Continued on the front page (51) Int.Cl. ⁷ Identification symbol FI Theme coat II (Reference) H01L 21/822 (72) Inventor Ichiro Mizushima 8 Shinsugita-cho, Isogo-ku, Yokohama-shi, Kanagawa Pref. Toshiba Yokohama office (72 ) Inventor Shigeki Sugimoto 8 Shingsugita-cho, Isogo-ku, Yokohama-shi, Kanagawa Prefecture F-term in the Toshiba Yokohama office (reference) 5F038 AC05 AC10 DF05 EZ11 5F045 AA06 AB02 AB03 AB04 AB31 AB32 AB33 AB34 AB36 AC05 AC07 AC13 AD13 AE23 DB05 DC51 GH10 HA05 HA13 HA14 HA16 5F083 AD17 GA30 JA04 JA05 JA33 JA47 PR05 PR21 PR33 PR40

Claims (3)

[Claims] 1. A method of manufacturing a semiconductor device having a step of filling the inside of a groove with a film, wherein the groove has a side wall made of a material that does not form nuclei of the film by CVD, and a bottom surface formed by CVD. A method of manufacturing a semiconductor device, comprising: forming a groove made of a material for forming a nucleus of the film, and then forming the film by a selective CVD method. 2. The groove is formed in a silicon substrate, and the side wall of the groove is formed of a silicon oxide film, a silicon nitride film, a silicon nitride oxide film, or at least two of them.
A bottom surface of the groove is made of silicon, the film is a silicon film, and this silicon film is formed by a selective CVD method using a gas containing SiH ₂ Cl ₂ and HCl.
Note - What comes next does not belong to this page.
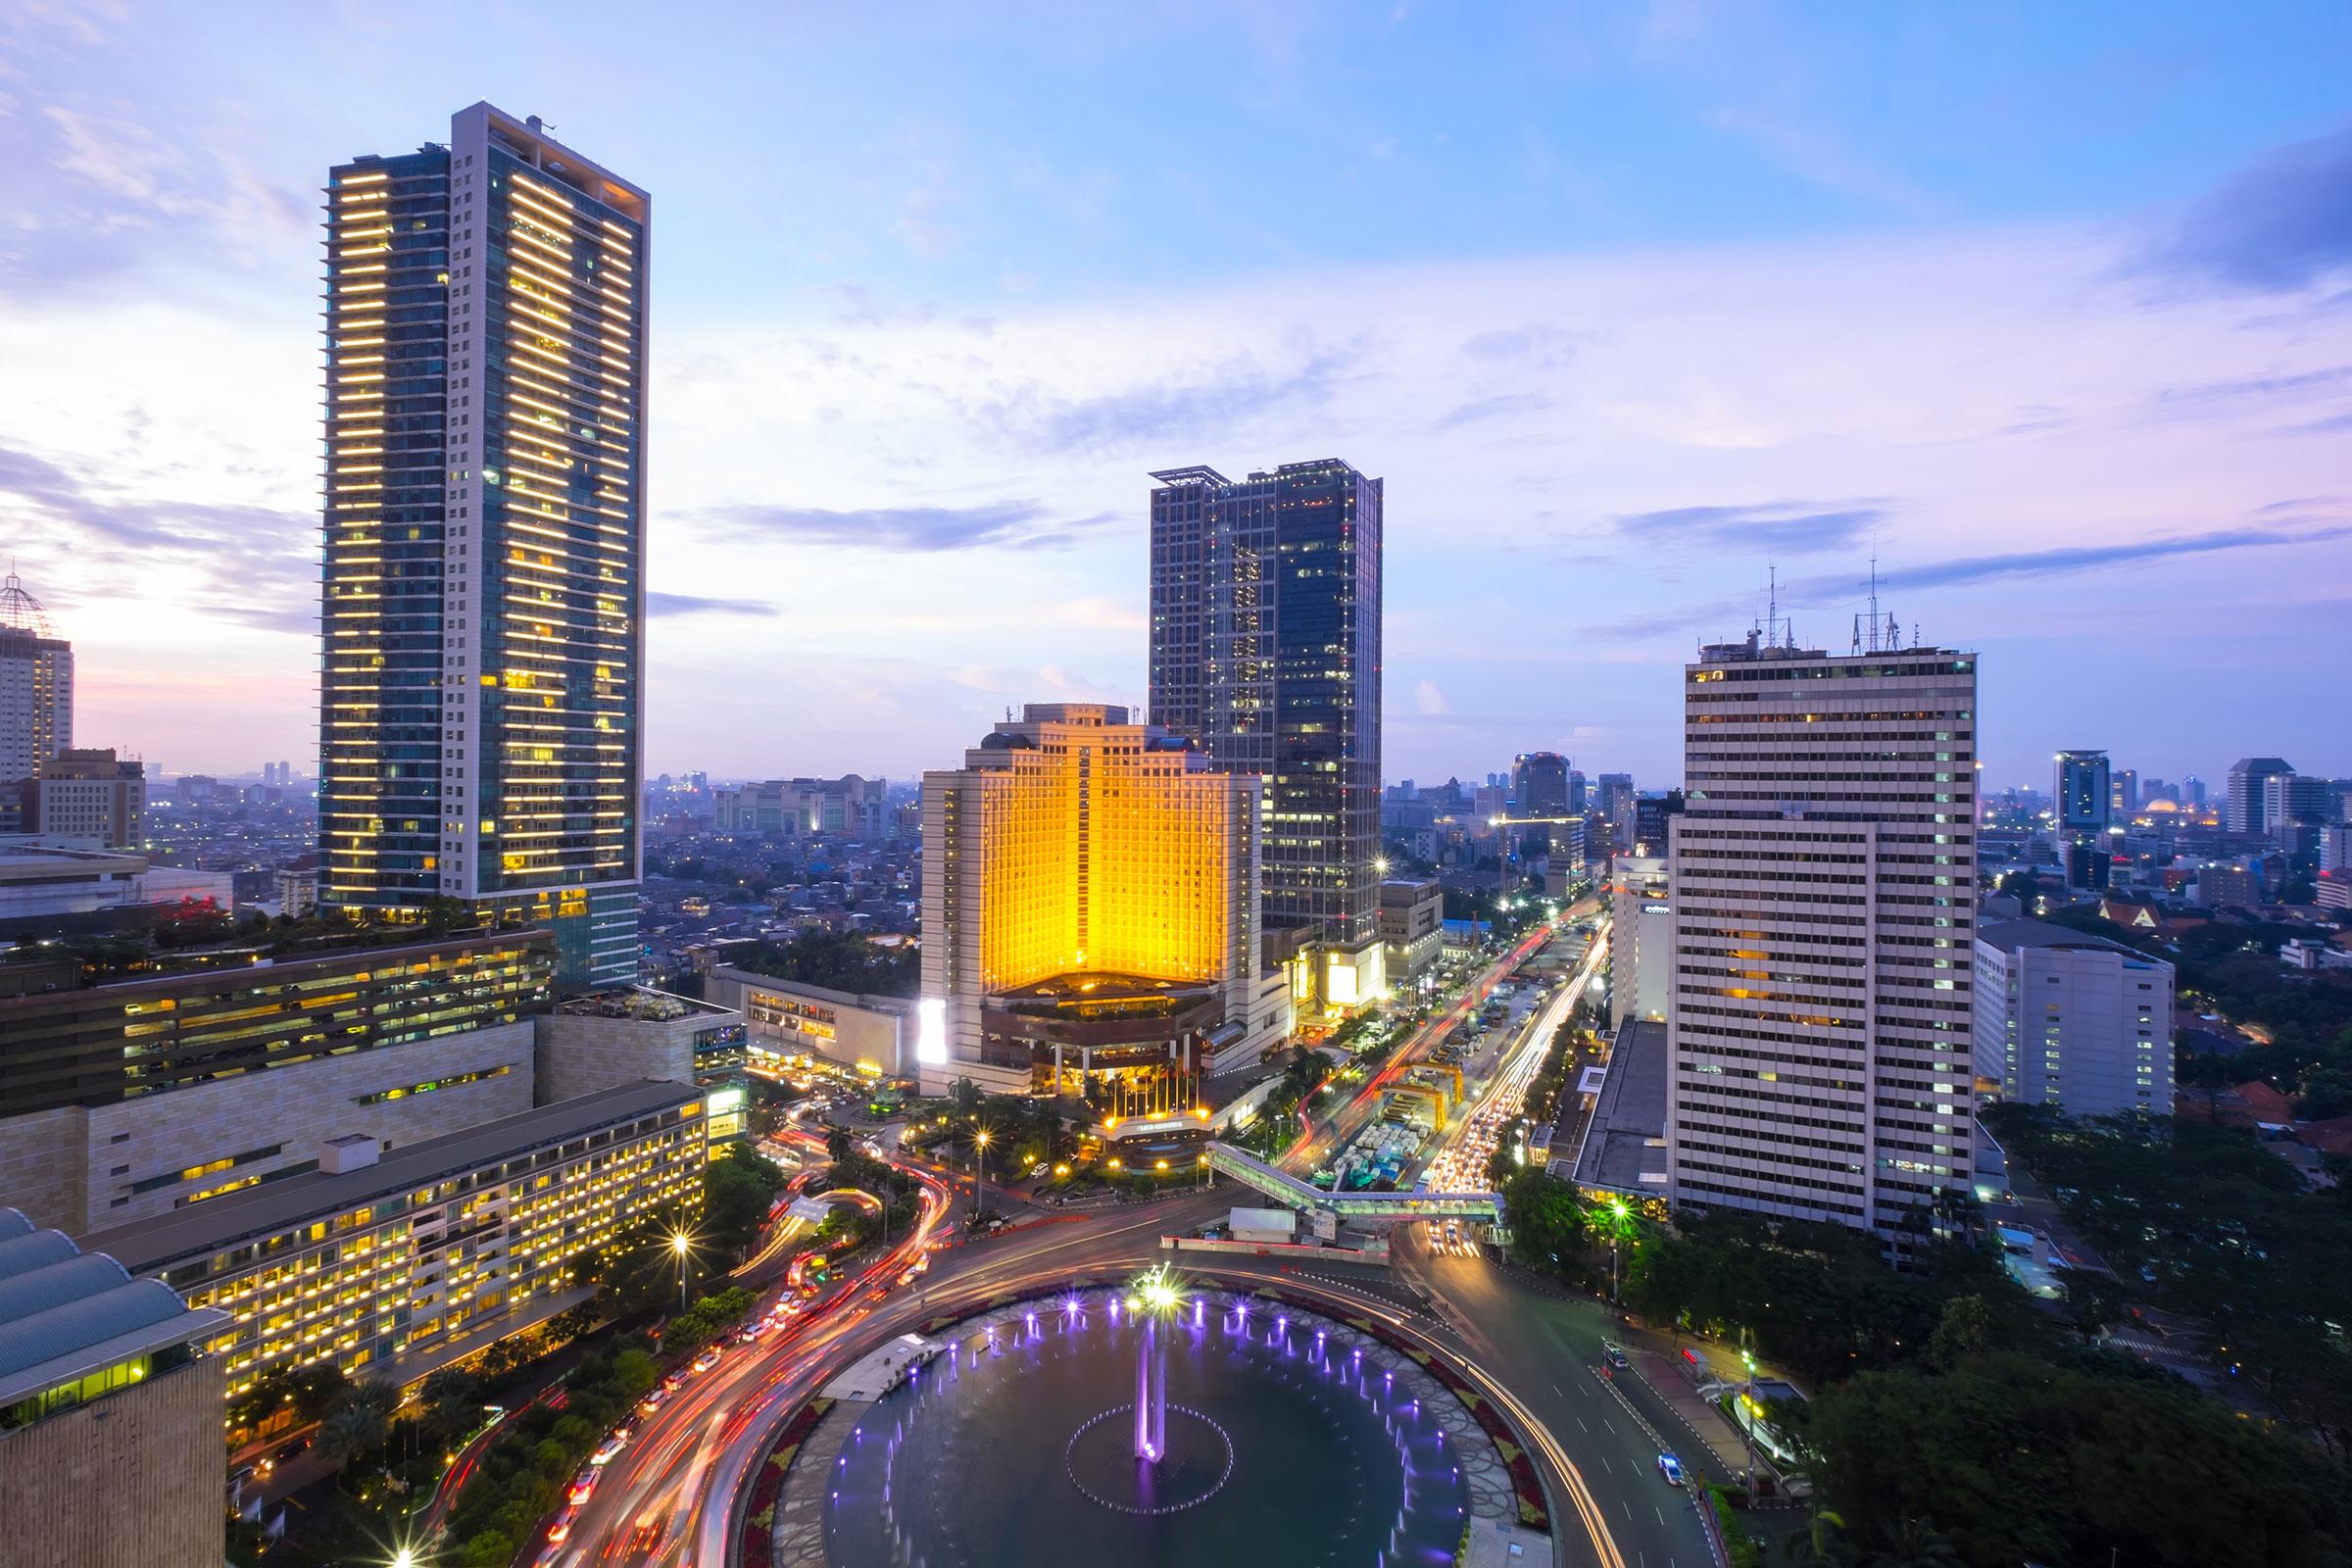 Jakarta city, Indonesia

Claim 1 characterized by the following:
13. The method for manufacturing a semiconductor device according to item 5. 3. The trench is a trench of a trench capacitor, and before the inside of the trench is filled with the silicon film, another portion of a polycrystalline or amorphous portion is formed from a bottom surface of the trench to a halfway depth thereof. 3. The method according to claim 2, wherein the semiconductor device is embedded with a silicon film.